» EXERCISE DETAILS:
Please reproduce the data exactly, excluding any pictures it contains.

··· EXERCISE DATA

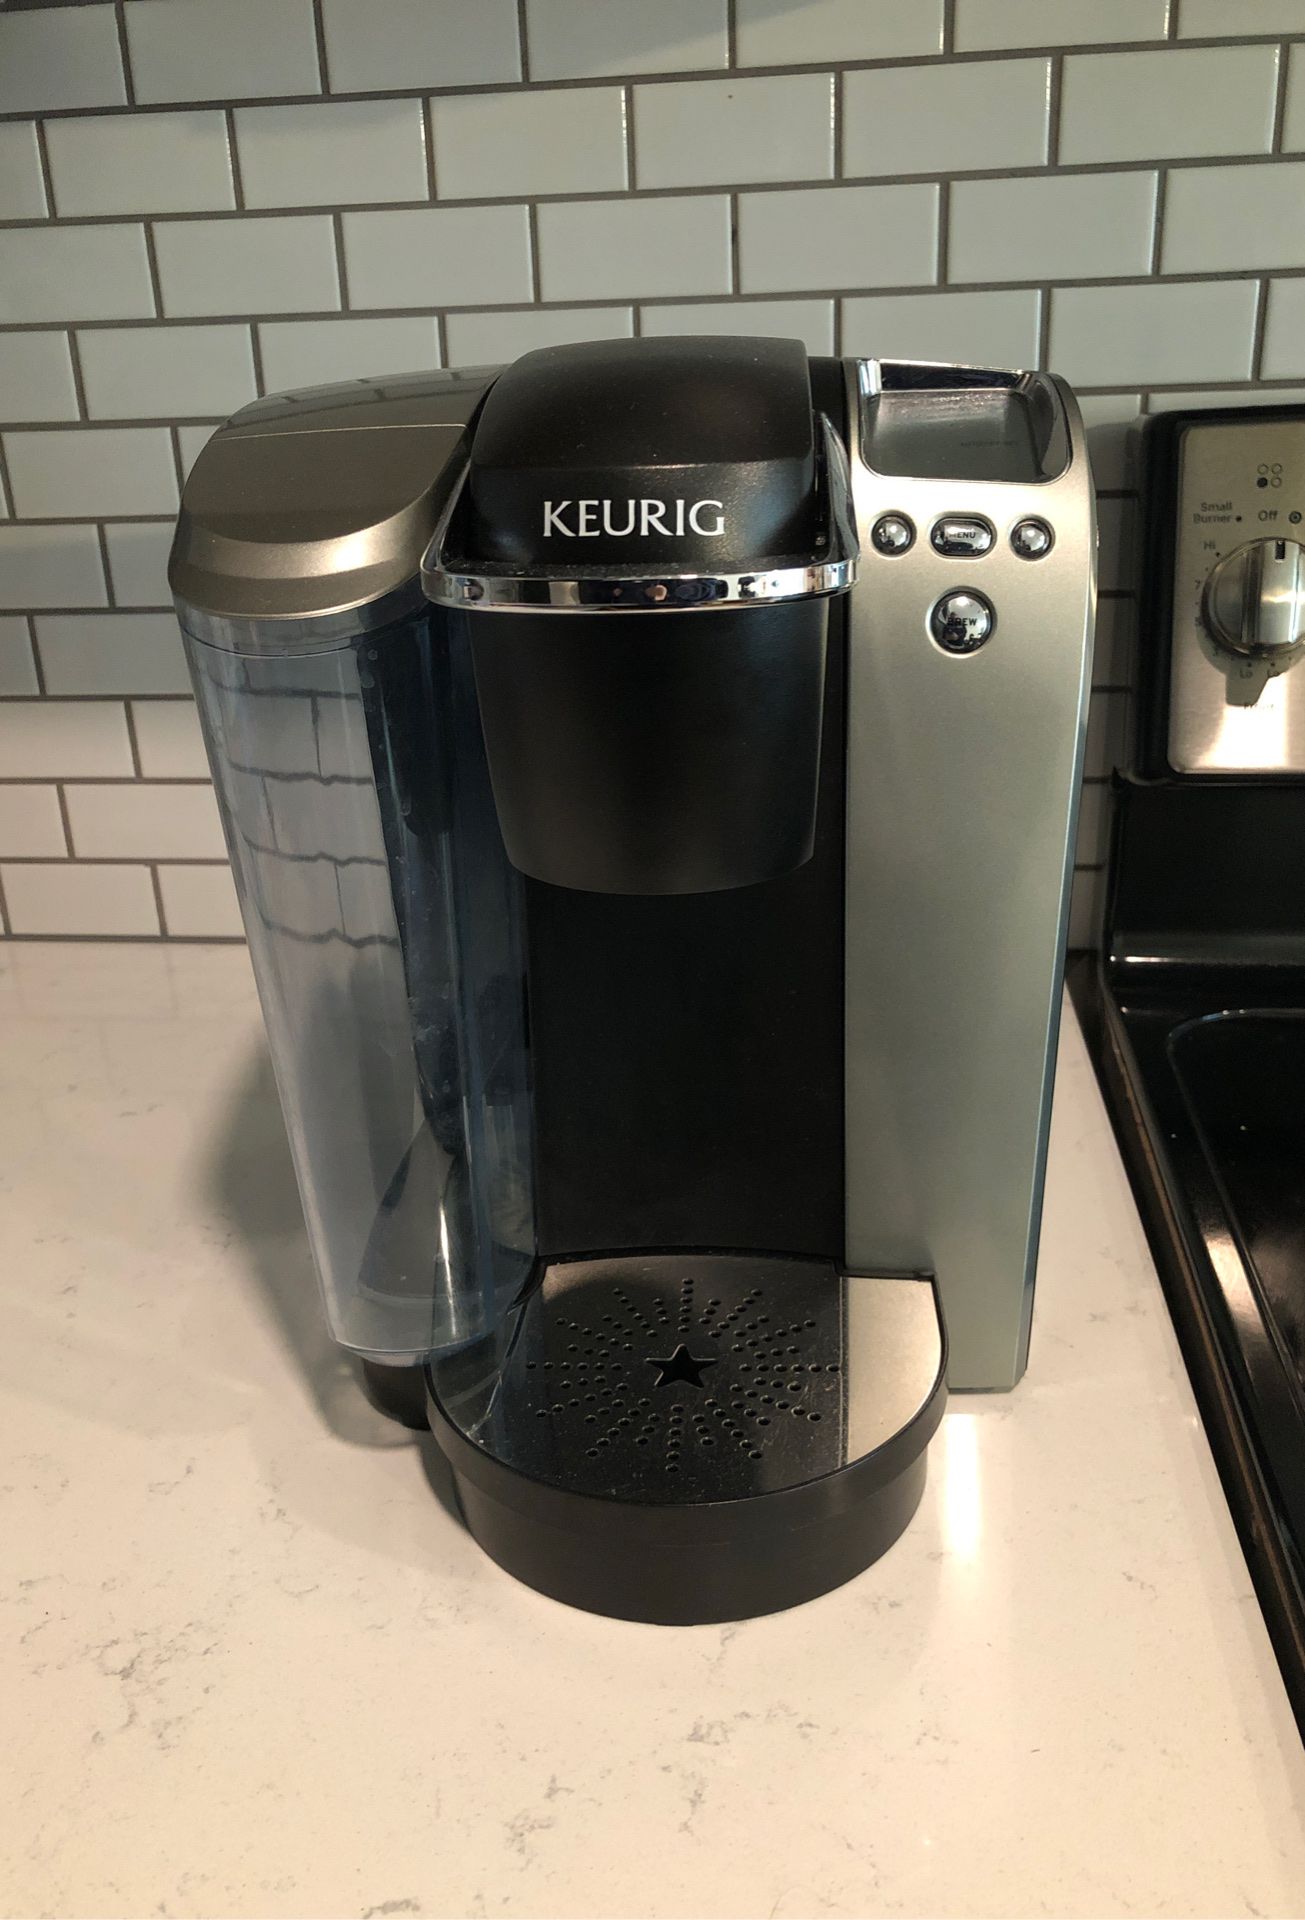 Keurig coffee maker-includes 36 k-cups!
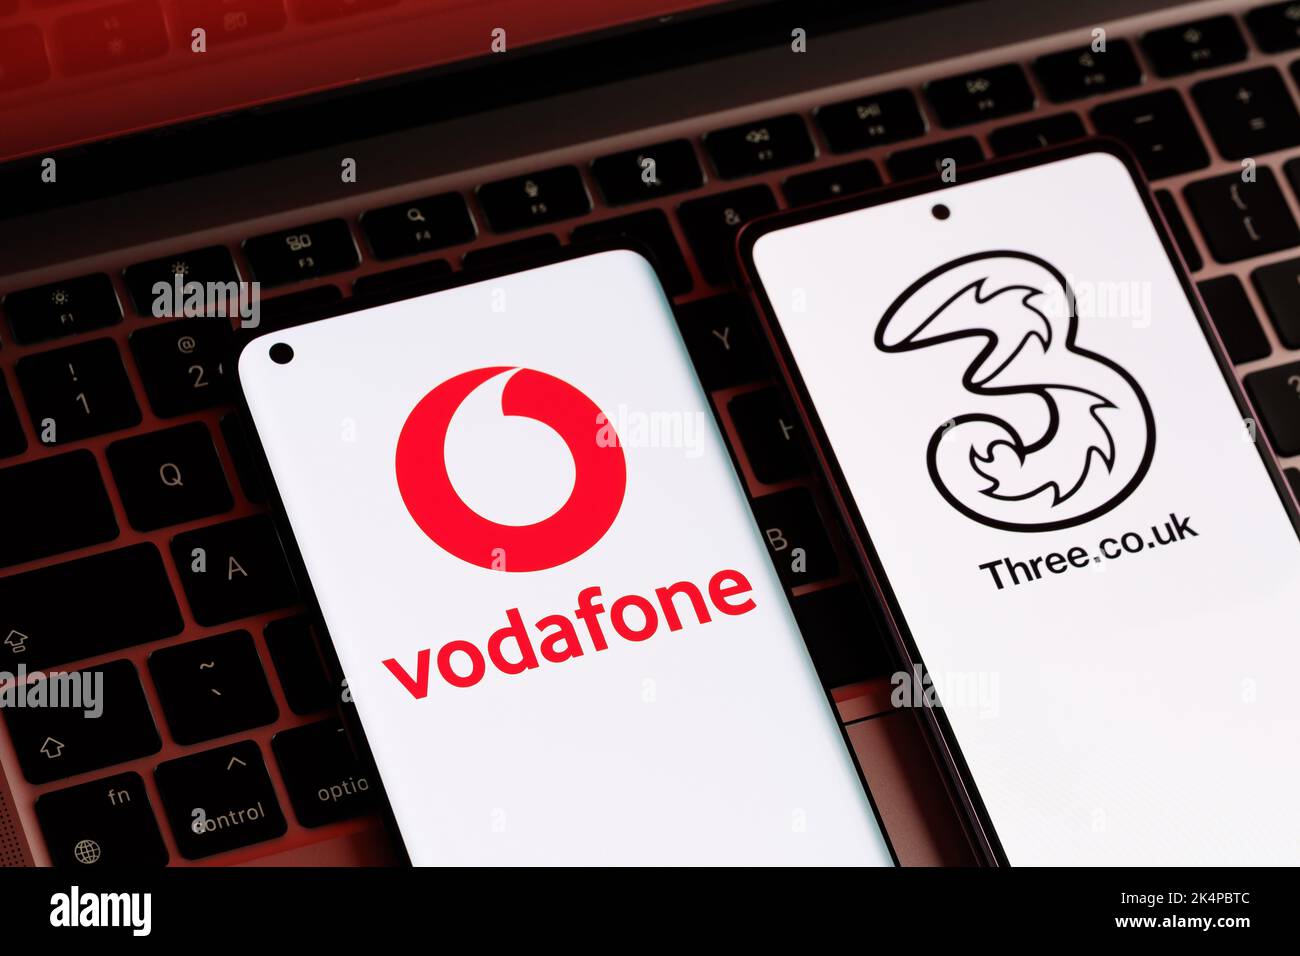 Vodafone und drei mögliche Fusionkonzepte. Die Smartphones werden zusammen mit den Logos der britischen Mobilfunkanbieter auf den Bildschirmen angezeigt. Stafford, Großbritannien, Oc Stockfoto
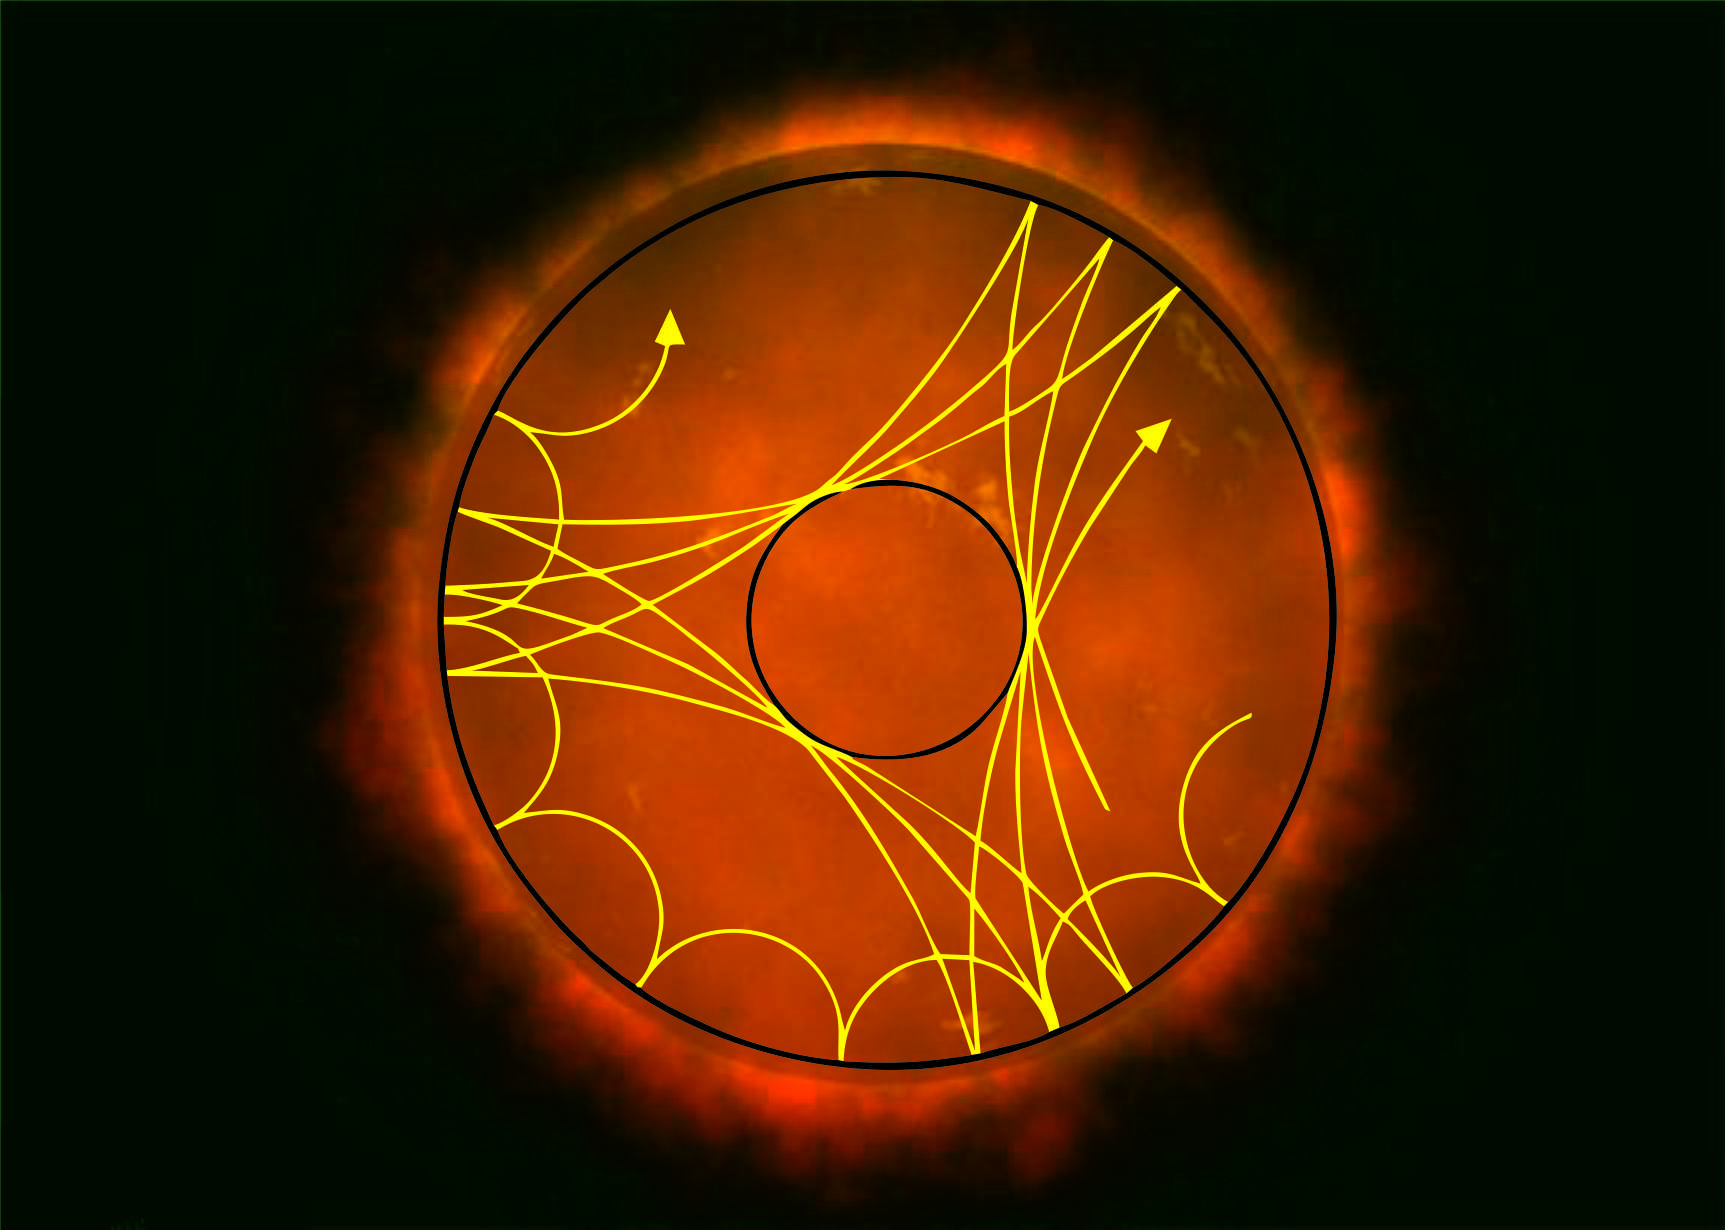 Vista esquemática de dos modos de pulsación diferentes propagándose en el interior de una estrella. Los modos p- son menos profundos y se reflejan en la superficie estelar con mayor frecuencia que los modos g- que viajan más profundamente hasta el interior estelar.

······

» SOLUTION FOR THIS TASK:
 Keurig coffee maker-includes 36 k-cups!
 Vodafone und drei mögliche Fusionkonzepte. Die Smartphones werden zusammen mit den Logos der britischen Mobilfunkanbieter auf den Bildschirmen angezeigt. Stafford, Großbritannien, Oc Stockfoto
 Vista esquemática de dos modos de pulsación diferentes propagándose en el interior de una estrella. Los modos p- son menos profundos y se reflejan en la superficie estelar con mayor frecuencia que los modos g- que viajan más profundamente hasta el interior estelar.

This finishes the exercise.